The noble and right reverend Lord, Lord Carey of Clifton, spoke of the need for individuals to receive personalised support as they begin the process of recovery. The noble Baroness, Lady Cox, also made an important point about the risk of retrafficking and how important the 12 months’ support is.
The Independent Anti-slavery Commissioner Kevin Hyland, who was mentioned many times in the debate, has also called for more support for victims and has highlighted the fact that the present system is not serving them well. If it is not serving these victims, that is a major failing of our present legislation and must be rectified. When you consider the horrendous abuse and threats that the victims of modern slavery have endured, and the risk of threats and violence to them and their families, it takes great courage to come forward to the authorities. They put themselves at risk of further suffering and not being properly supported.
The right reverend Prelate the Bishop of Derby rightly drew the attention of the House to the evidence-based policy that underpins the Bill following the work of the anti-slavery commissioner, the Work and Pensions Select Committee and those who work in the charity sector on behalf of victims.
The noble Lord, Lord Shinkwin, stressed the need to complete this unfinished business and properly support victims. I fully support him in that call.
The Bill would ensure that victims, when identified, would have guaranteed access to front-line specialist support that includes any necessary medical treatment, safe accommodation and further long-term support to take the victim through the next stage of the recovery process where understandably very serious and complex needs can be addressed.
I particularly want to pay tribute to the work of the Co-operative Group in helping victims through its Bright Future initiative. Along with other charities, the Co-op is supporting individuals who have been granted special leave under the present system by providing work placements in its businesses and helping to equip people with the skills they need. As the noble Baroness, Lady Bottomley, said in her contribution, the Co-op is an excellent example of what a good employer should be doing.
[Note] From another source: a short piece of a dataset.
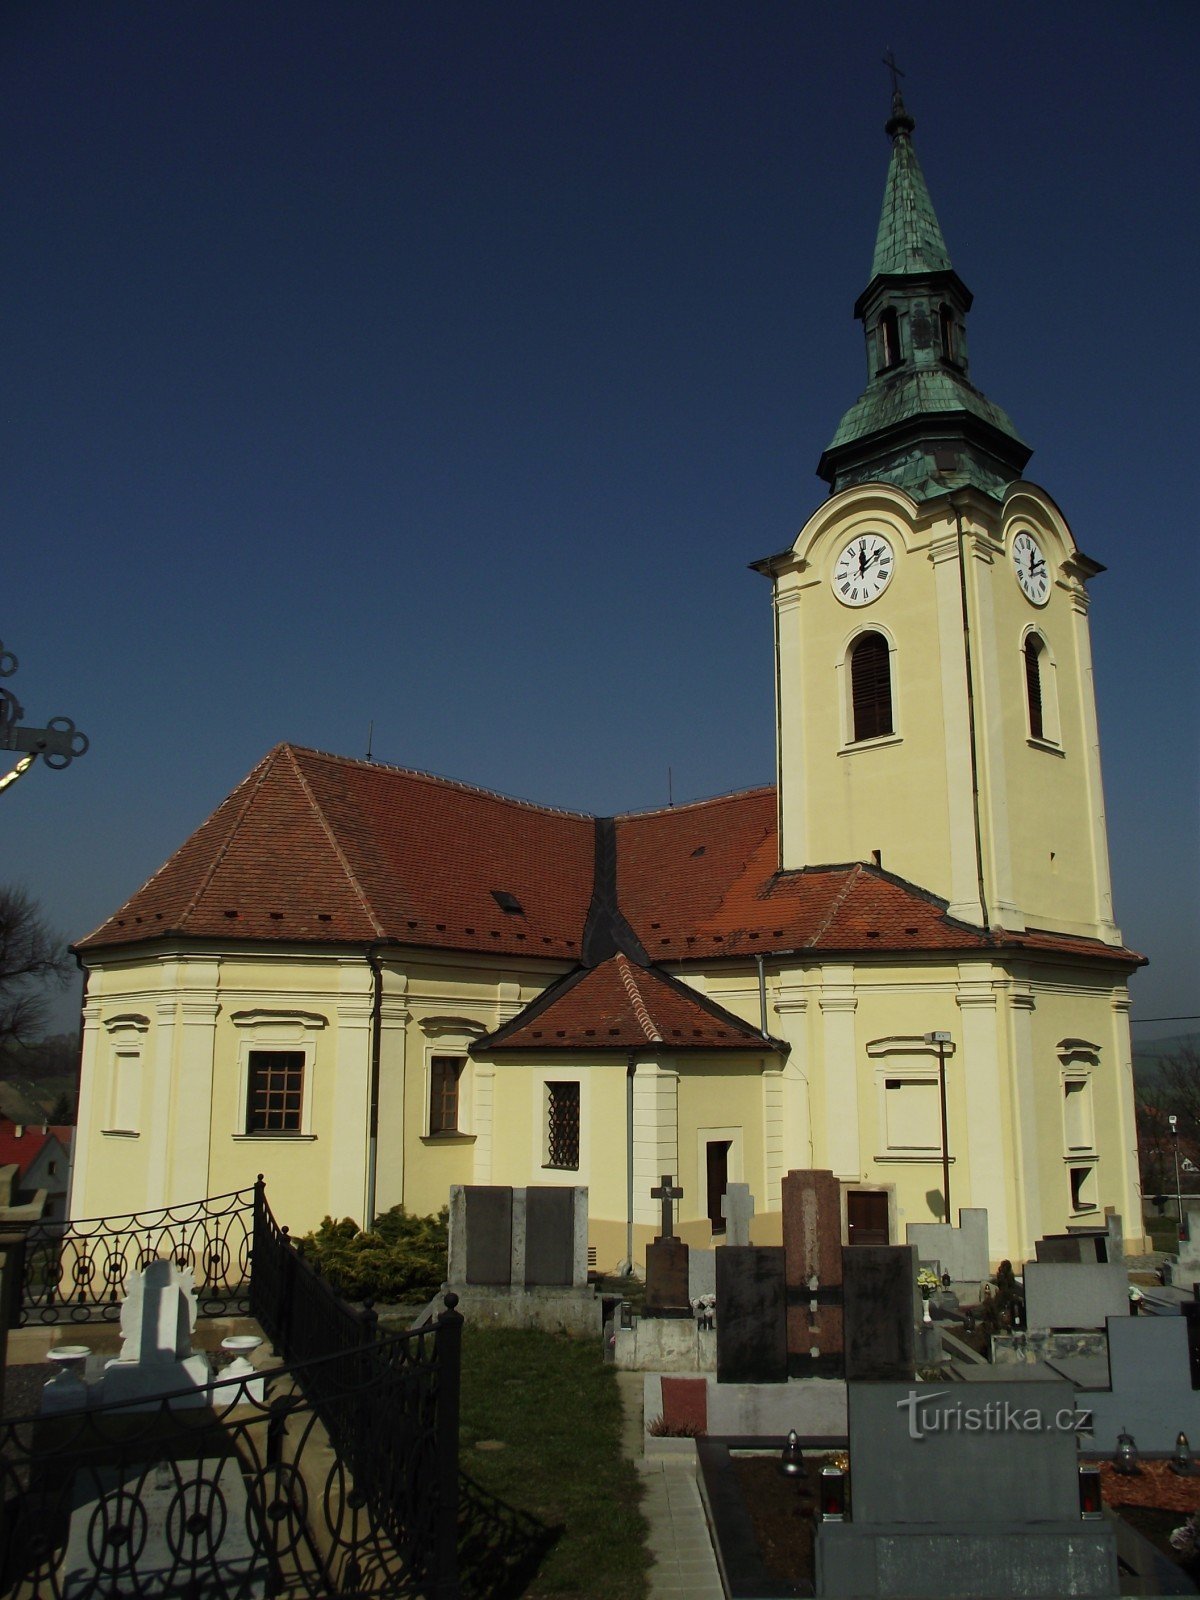 Bilovice - église de St. Jean le Baptiste

While I am on the subject, I commend the Co-operative Group on how it has worked to prepare its statement on modern slavery and the work it has done to ensure that its supply chains are free of this evil. I am proud to have been a member of the Co-op for 40 years, which is as long as I have been a member of the Labour Party. It has set an example of best practice for business and all should be aspiring to it.
The benefits of granting an automatic right to leave would, as I mentioned earlier, help with the long-term recovery programme and rehabilitation programme and would also prevent retrafficking. It also would further strengthen the original Modern Slavery Act and empower victims to co-operate fully with police investigations and help to secure convictions of the people involved in this evil crime. Victimless prosecutions are possible, but the testimony of victims can provide compelling evidence to put before a jury in order to help secure a conviction, as the noble Lord, Lord McColl of Dulwich, told us, and as was referred to by the noble Baroness, Lady Redfern. There is the further argument that the automatic grant of leave would free up valuable resources to be used in other ways to deal with this horrendous crime.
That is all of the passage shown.